I think it could also be a place to die with dignity, surrounded by our own kind.

Or to live, my Bouda counters. Zaki may have survived.

She may have made it there. We do not know she is dead.

And your fated mate could be anywhere. She could be on Wintermoon right now, waiting for you, and you are standing in a dumpster feeling sorry for yourself.

“What is your name?” I ask.

“Aiden.” The human extends his hand, then seems to think better of it and lets it drop. “And you?”

I open my mouth to speak my birth name. Alemayehu.

What my mother gave me, what the Matriarch spoke when she touched my head and called me sister-son.

It dies on my tongue. Let him go, my Bouda says quietly, and his voice is gentle now in a way he rarely is.

That man burned with the village. Watched his Queen die and could not save her.

Carrying his name will not bring him back. It will only make the weight heavier.

A new name for a new life? It is survival, he says. And survival is what we do. Pick a name. Something that does not taste like ash.

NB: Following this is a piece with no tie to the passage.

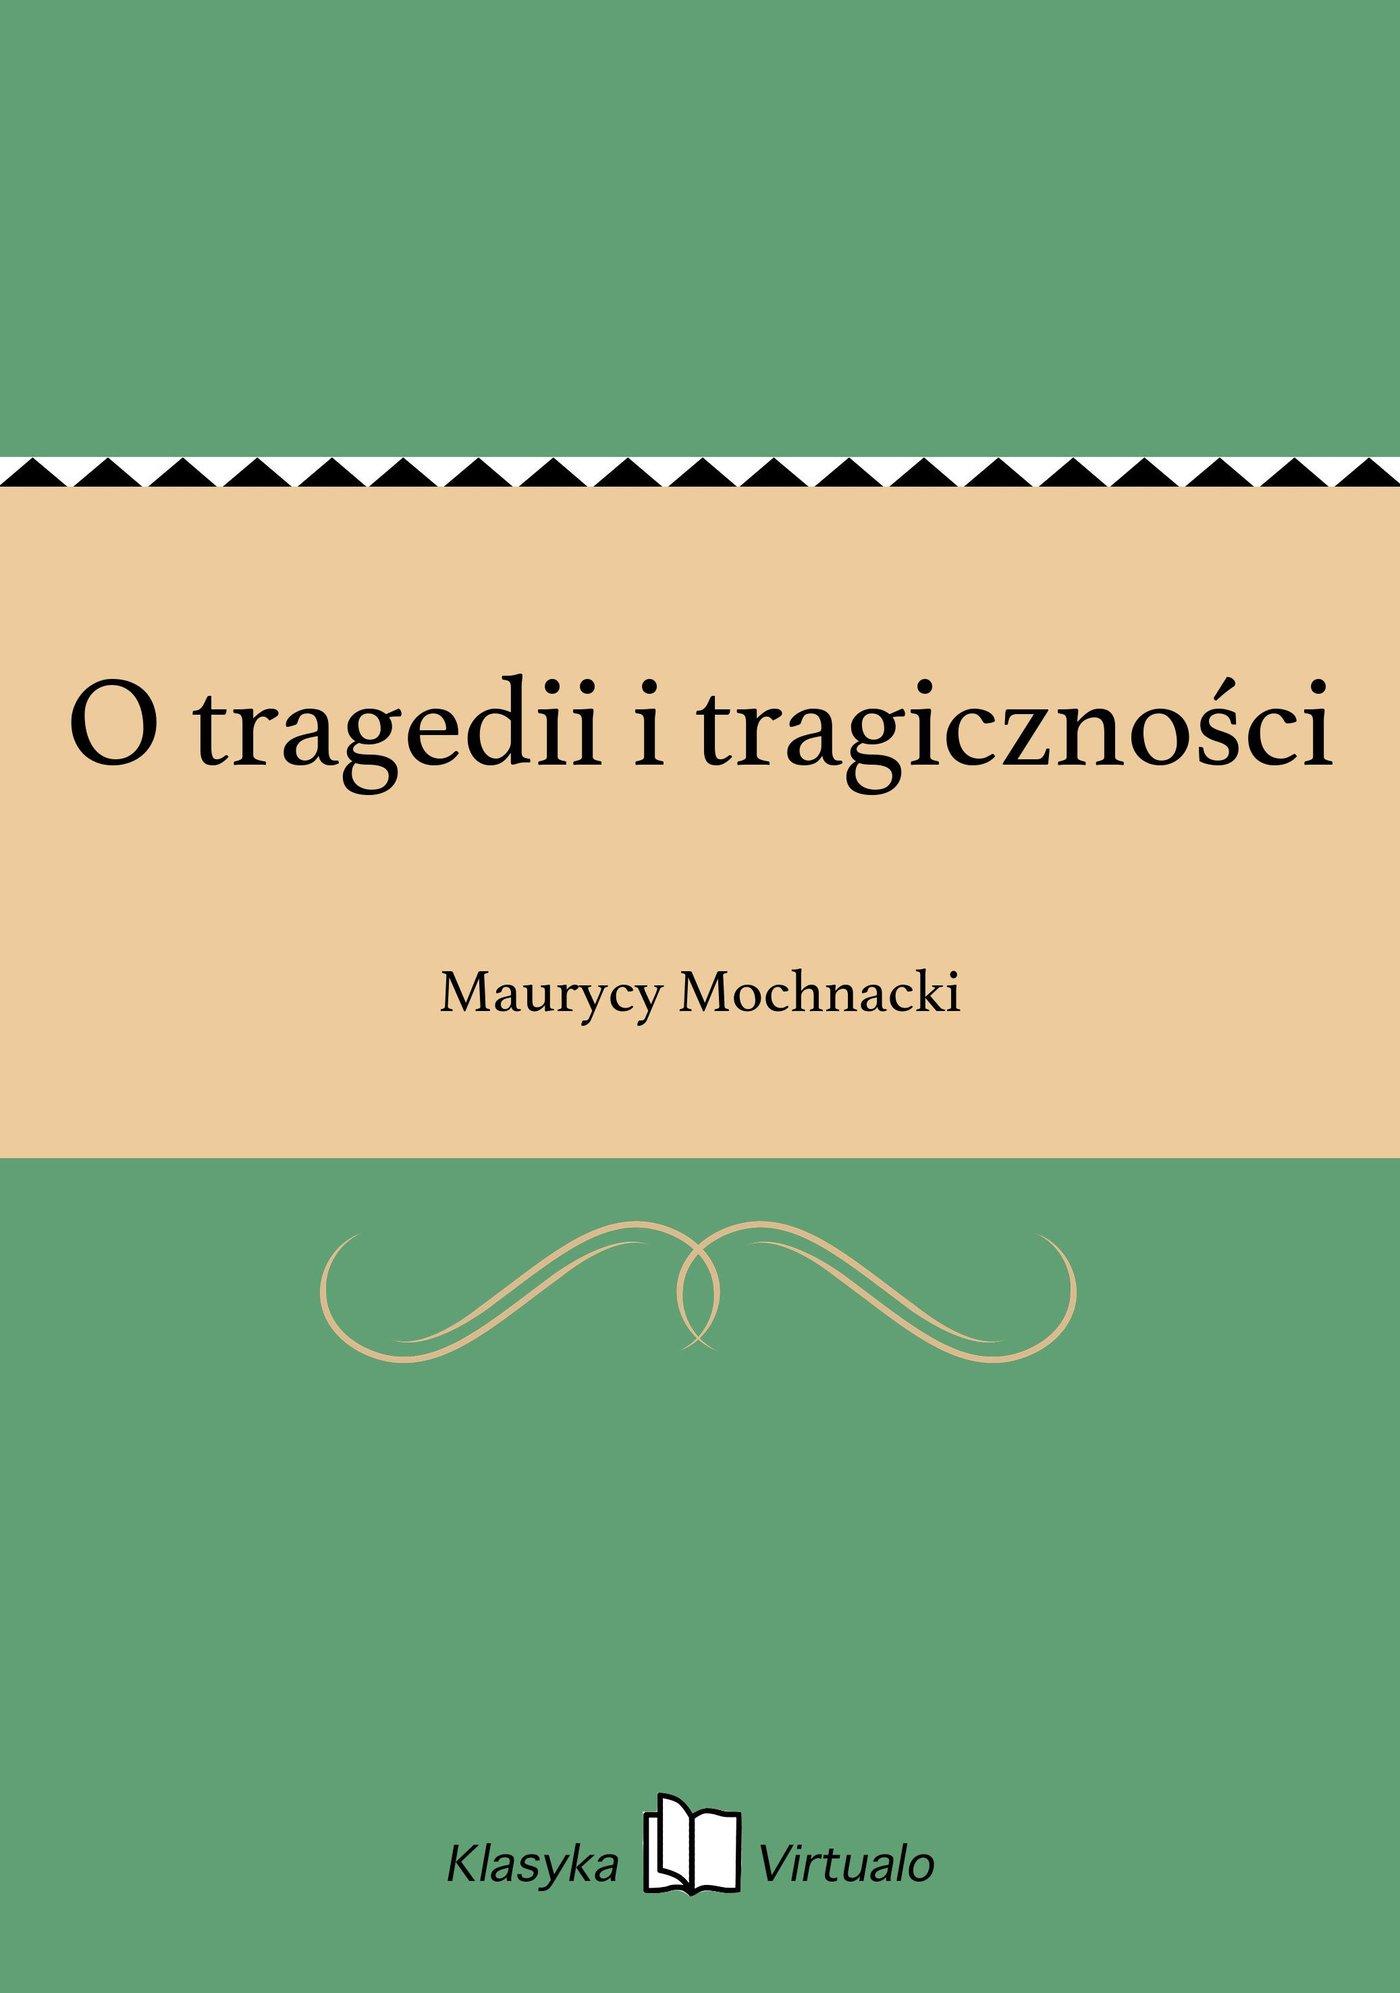 O tragedii i tragiczności - Ebook (Książka EPUB) do pobrania w formacie EPUB

I think of the old stories, the names from before the clans fractured and scattered across the continent. Names that meant endurance, persistence, the will to continue when everything said stop.

“Kojo,” I say finally. The word feels foreign on my tongue.

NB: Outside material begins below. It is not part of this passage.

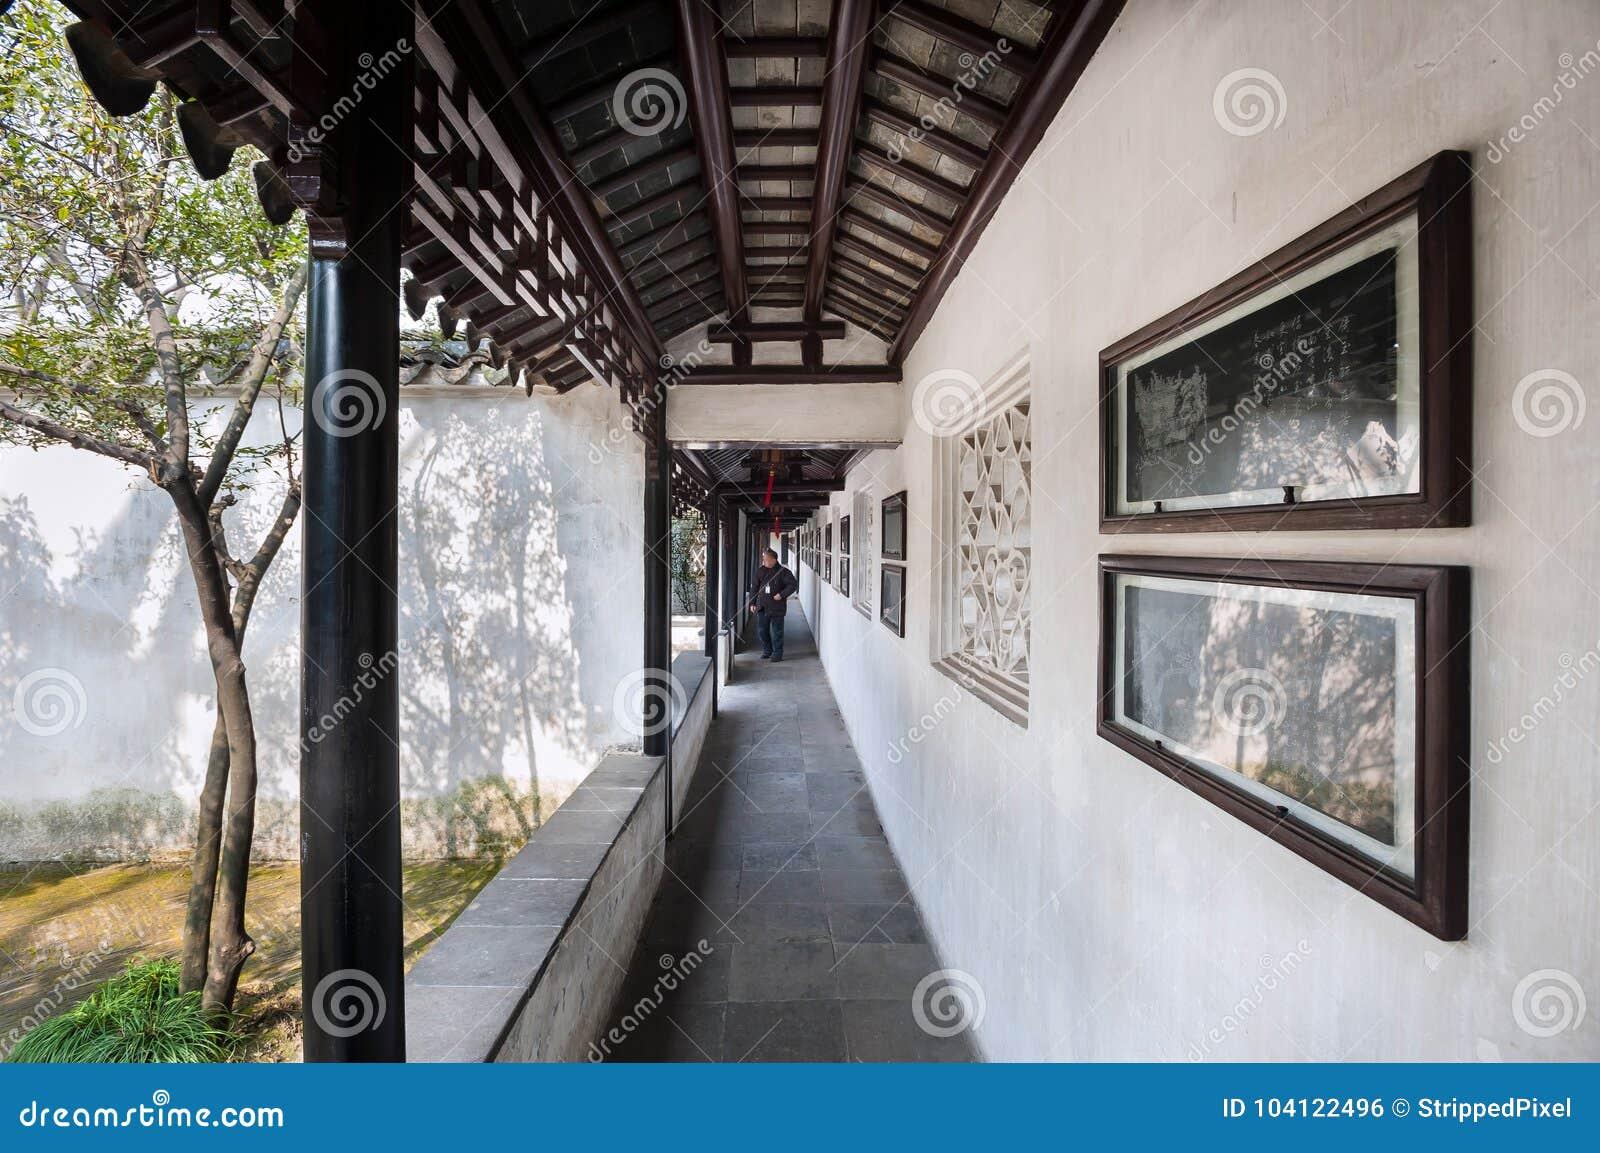 Υπαίθριο μοναστήρι στον κήπο αλσών λιονταριών, Suzhou

Borrowed. It means born on Monday, my Bouda observes.

Were you born on Monday? I do not remember anymore.

It does not matter. Close enough, my Bouda decides.

Kojo. It is a strong name. Simple. A name for a man who is starting over. I approve.

“Kojo.” Aiden nods like the name carries weight. “Alright, Kojo. Let’s get you out of this dumpster and somewhere with actual food. We’ve got a long way to go.” He turns and starts walking without checking to see if I follow.

I like him, my Bouda announces. He does not beg or grovel. He just expects us to be smart enough to recognize a good opportunity when it is standing in front of us. That is a man who understands how survivors think.

He could be leading us into a trap. He could be, my Bouda agrees. But he smells like hope, and we smell like garbage. I know which scent I prefer. Follow him, Alemayehu. Let’s see where this leads.

I step out of the dumpster and follow him into the blinding sun.

Good, my Bouda whispers, and his voice holds something it has not held in six months.

We survive, scavenge, and adapt. That is what Bouda do.

And somewhere out there, a woman is waiting for us.

A mate whose scent will make all of this running mean something.

We just have to stay alive long enough to find her.

Wintermoon. I hold the word close as I walk, and for the first time in months, my Bouda goes quiet.

Not for lack of words.

He is finally, cautiously, allowing himself to hope.